So Easter has come and gone, and all the bunnies are now half price! I wondered to myself - why does the Easter Bunny bring eggs - surely we should have a Easter Chicken? So I asked Mr Google and this is what I found.
The Easter bunny has its origin in pre-Christian fertility lore. The Hare and the Rabbit were the most fertile animals known and they served as symbols of the new life during the Spring season.
This is a little confusing to us in the South, as Easter is the start of winter - but I guess most things are upside down for us! So with all these bunnies around - I was inspired to make a very well known South African treat - Bunny Chow. The history of which is far more exciting than the Easter Bunny.
The most popular is that the bunny chow was started by a Durban restaurateur who came up with the idea during the apartheid era. "People of colour" (as opposed to the "see-through people") were not allowed, by law, to sit inside his restaurant and he didn’t want to give them a plate to takeaway so he came up with the idea of making a deep hole into half a loaf of bread, filling it with curry and putting the scooped out part back on the top as a form of lid. (Reference here)
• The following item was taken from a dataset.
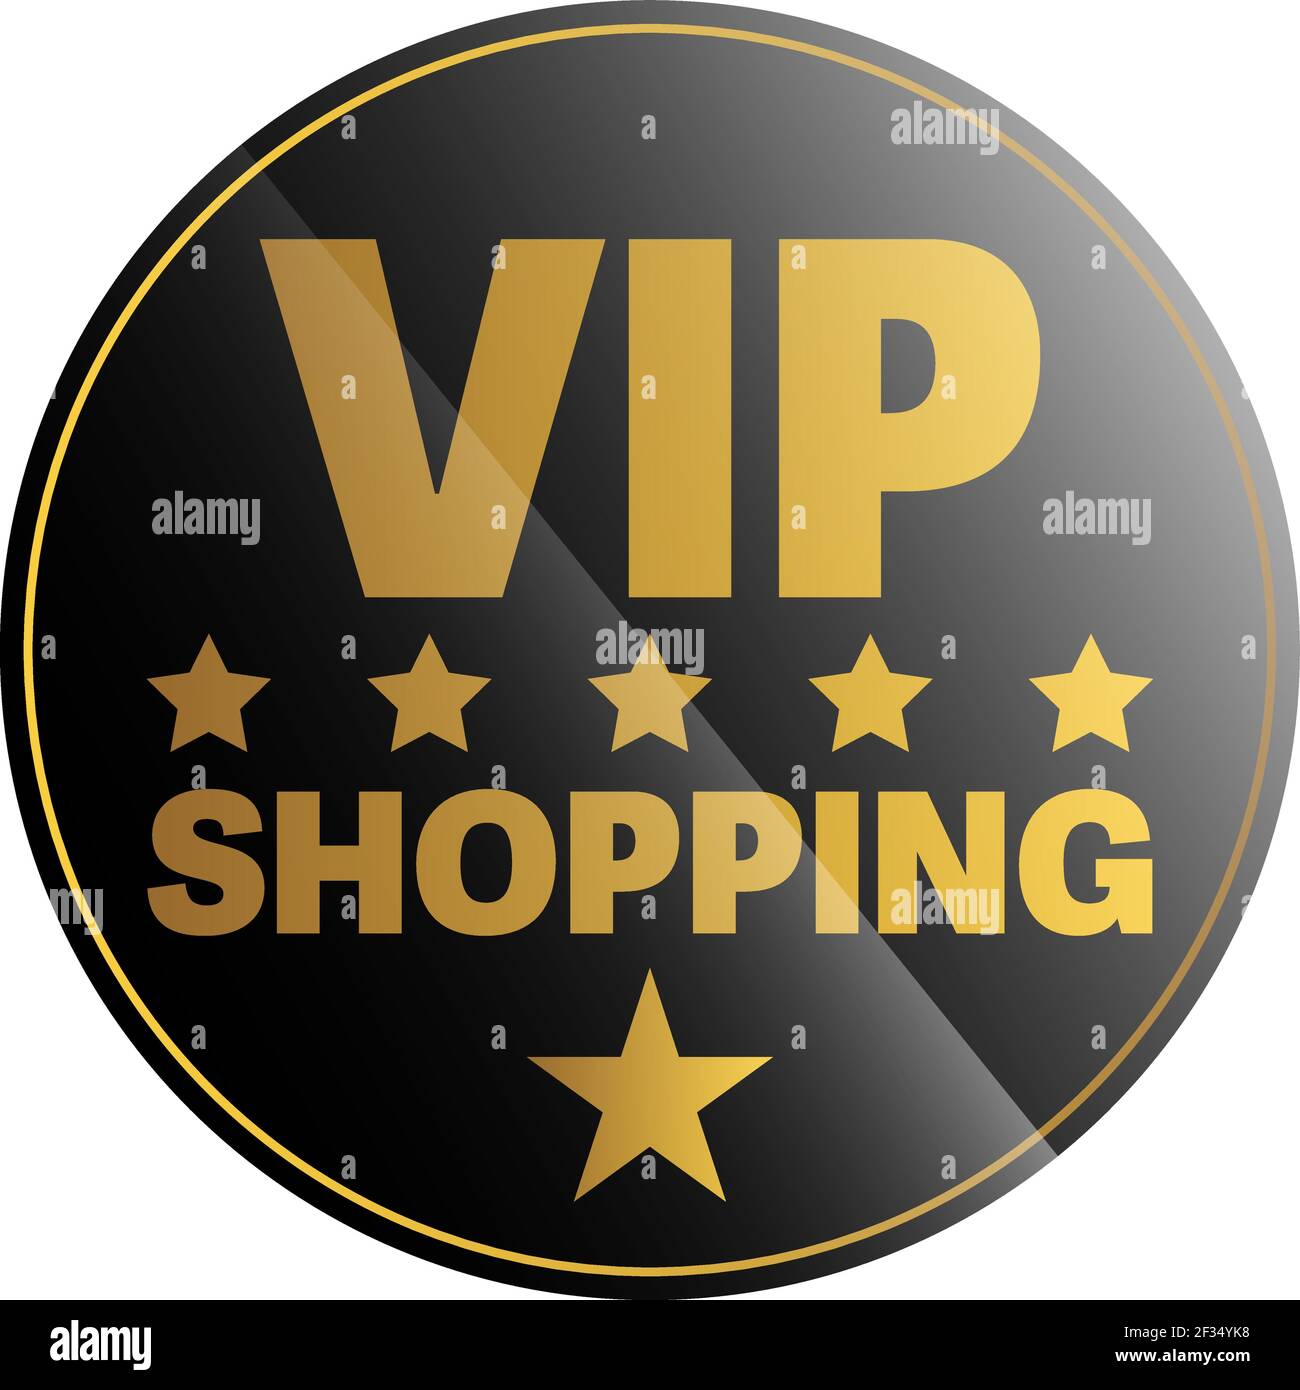 Runde schwarz-goldene VIP-SHOPPING-Aufkleber oder -Schild, exklusive private Shopping-Vektor-Illustration Stock Vektor

One account suggests that Indian migrant workers from India who were brought to South Africa to work the sugar cane plantations of Kwazulu-Natal, required a way of carrying their lunches to the field; the hollowed out loaf of bread was a convenient way to transport their vegetarian curries. Meat based fillings came later. (Reference here)
So again we have one bunny chow and many stories, but whatever you believe, they are very proudly South African and very good to eat.
I made a "nouveau cuisine bunny chow", using mini loaves - we don't work long hours cutting cane, so our appetite is slightly smaller! You can use any curry filling, I made a simple mince curry using the recipe on the Spice Mecca Tastes of the Cape Curry Mince box.